Note d'intention

Les tabous, les non-dits, les détournements de regards, les multiples réalités, ce qu’on accepte ou refuse de voir, de savoir, de croire, me font vivre la peinture comme un détonateur du perceptible. Je reconnais chez Frida Kalho son urgence de vivre, chez Marlène Dumas, la lucidité de ses portraits et la force de ce qu’elle a à révéler, chez Valloton l’étreinte de la peinture, chez Peter Doigt le paysage témoin qui a tout vu.

La fuite, le confinement, l’exil, la migration, happer l’air, la puissance et la splendeur de la vie sont autant de sujets qui m’interpellent et auxquels j’ai envie de répondre.
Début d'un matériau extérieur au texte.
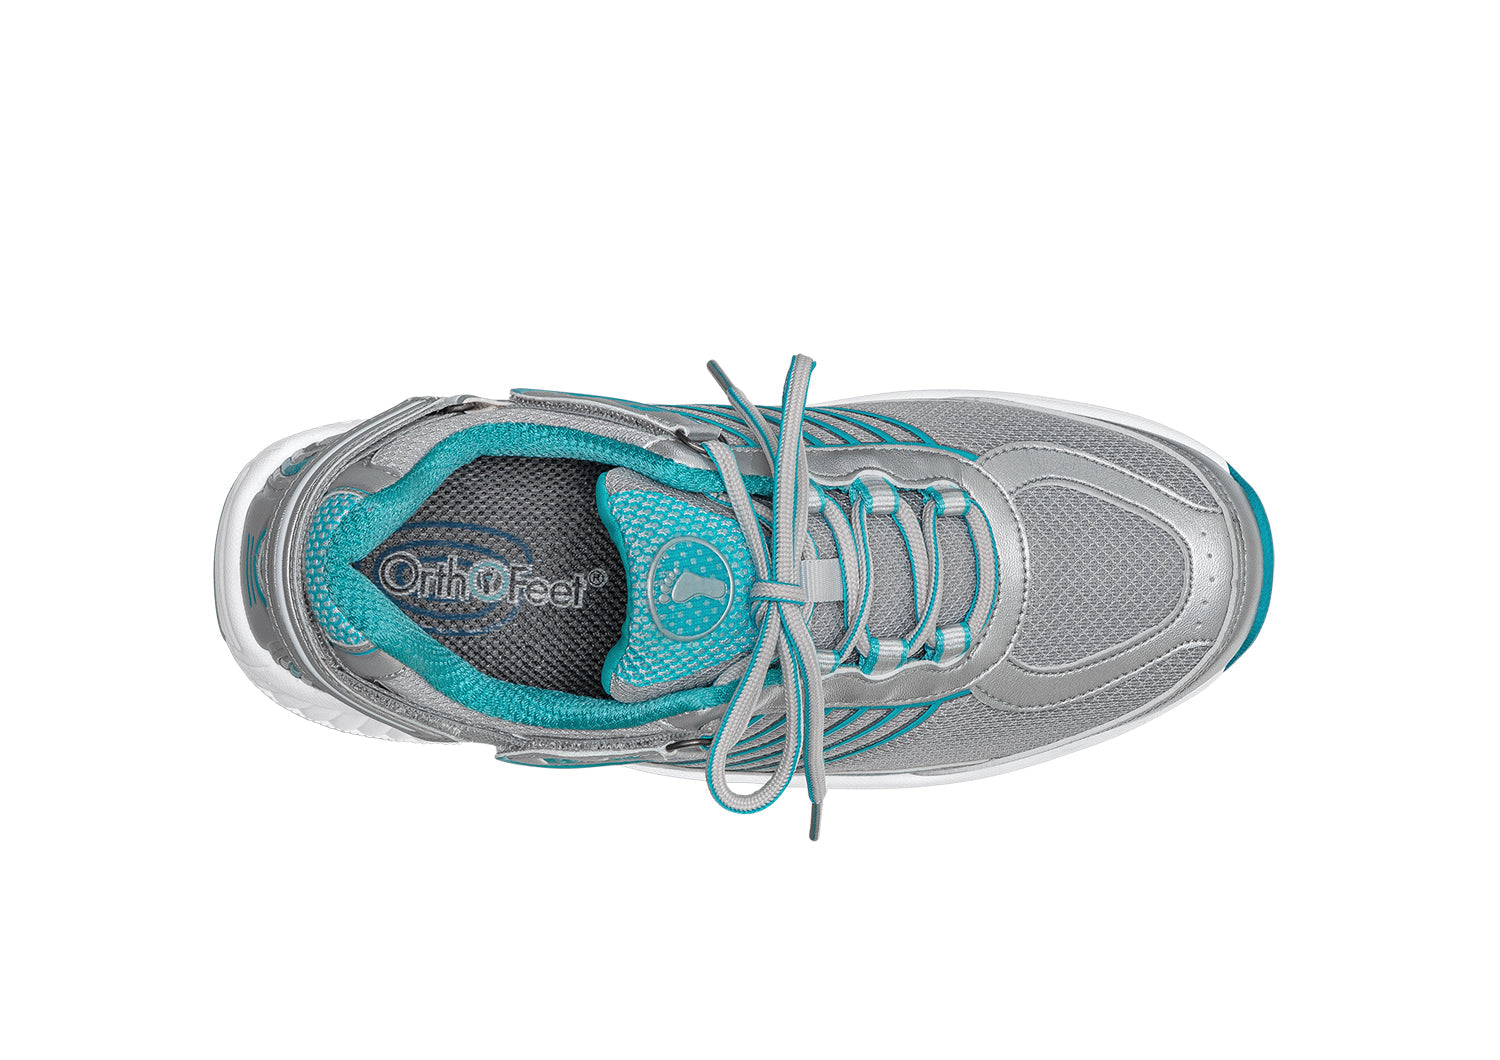 Women's Sneakers Athletic Walking Shoes | Verve Turquoise

J’en reviens toujours à ces mêmes provocateurs d’émotion que ce soit pour en charger des paysages ou des personnages, en dessin comme en peinture.

Il y a plusieurs degrés de lecture dans mon travail et chacun s’arrête là où il veut, là où il peut.
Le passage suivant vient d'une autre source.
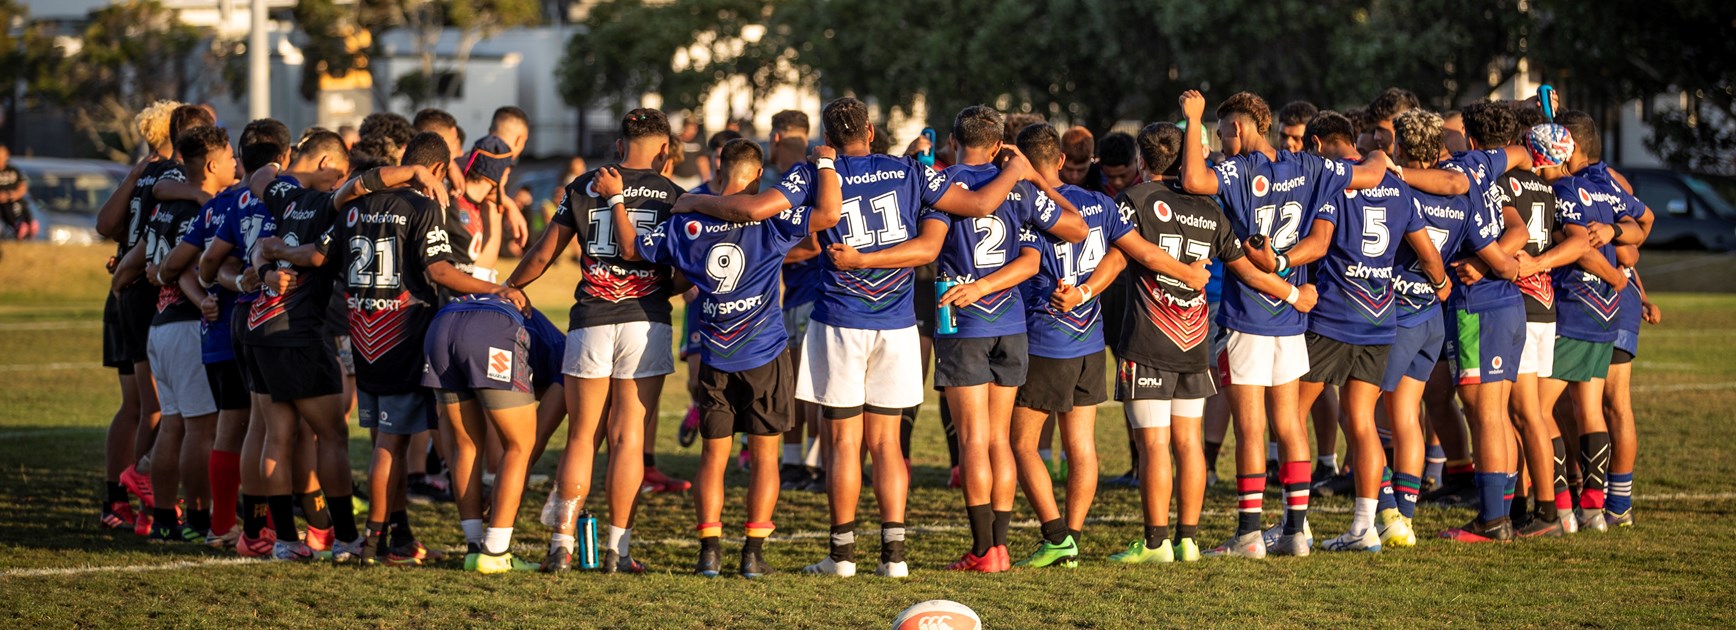 Vodafone Warriors supporting new youth competitions

Ce que je souhaite donner à voir, d’emblée, ce sont des paysages libres, généreux aux couleurs séduisantes, qui évoqueraient parfois le jeu de la lumière et du souffle du vent dans le nuancier vert du feuillage.

Les espaces représentés sont vastes et ouverts et pourtant semblent tellement serrés dans le grand format de la toile. Puis, peu à peu, on se surprendrait à chercher dans l’image agréable une issue de secours, un trou d’air.

On se retrouve enchevêtré, empêtré dans la peinture, avec les plaisirs de ses petits effets, ses dégradés de couleurs monochromes et la densité de l’occupation de la surface. On respire parfois mal, la monochromie fait camouflage, elle étouffe les bruits sourds, calfeutre les drames.

La puissance de la couleur vient alors à la rescousse, on s’y accroche, bienveillante, elle nous offre son réconfort.

Mes paysages sont peut-être des paysages étoffés étouffés, des paysages claustrophobes, des paysages absorbants mais qui résistent tant et pourtant.